■ EXERCISE DIRECTIONS:
From the entries below, output the line with "スワップキュービック視線FLAMEER 2個 ハンドエクササイズボール" and each following line up to and including the line with "Emil Iversen og", exactly as written.

■ RECORDED INFORMATION:
##############################
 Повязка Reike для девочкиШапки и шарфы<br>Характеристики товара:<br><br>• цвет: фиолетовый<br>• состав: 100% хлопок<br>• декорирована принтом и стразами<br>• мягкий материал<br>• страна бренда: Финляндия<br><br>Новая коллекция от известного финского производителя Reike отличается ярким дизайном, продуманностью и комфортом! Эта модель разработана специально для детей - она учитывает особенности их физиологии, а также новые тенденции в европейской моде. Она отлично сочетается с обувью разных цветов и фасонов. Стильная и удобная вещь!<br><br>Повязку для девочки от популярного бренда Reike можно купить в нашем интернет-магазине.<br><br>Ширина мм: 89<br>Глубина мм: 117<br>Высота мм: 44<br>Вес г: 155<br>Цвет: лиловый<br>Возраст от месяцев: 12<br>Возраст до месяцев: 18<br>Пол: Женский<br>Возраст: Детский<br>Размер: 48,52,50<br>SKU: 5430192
##############################
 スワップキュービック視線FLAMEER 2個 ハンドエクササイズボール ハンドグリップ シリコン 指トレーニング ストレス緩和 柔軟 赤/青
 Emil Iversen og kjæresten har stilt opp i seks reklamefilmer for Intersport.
##############################
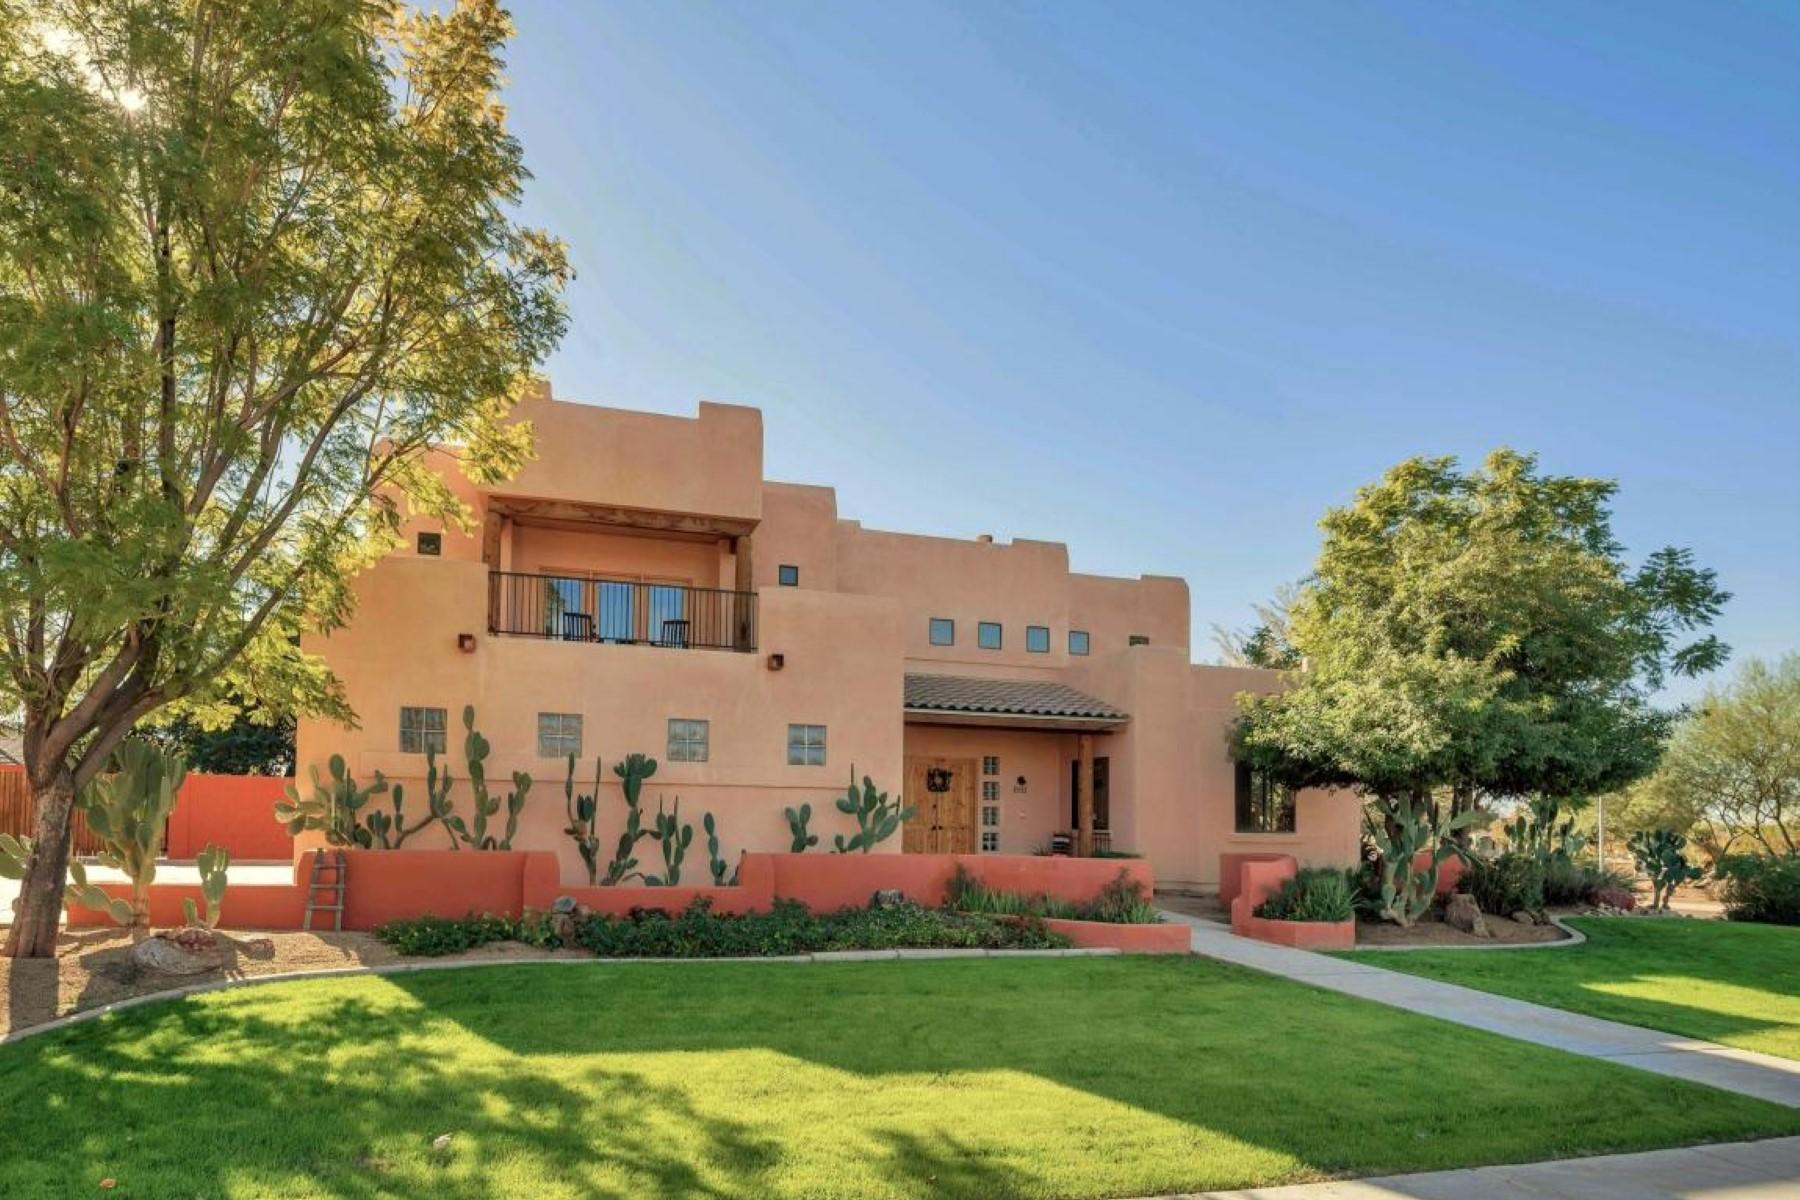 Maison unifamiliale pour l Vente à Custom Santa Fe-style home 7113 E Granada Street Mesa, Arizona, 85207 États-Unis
##############################
■ SOLVED PROBLEM:
 スワップキュービック視線FLAMEER 2個 ハンドエクササイズボール ハンドグリップ シリコン 指トレーニング ストレス緩和 柔軟 赤/青
 Emil Iversen og kjæresten har stilt opp i seks reklamefilmer for Intersport.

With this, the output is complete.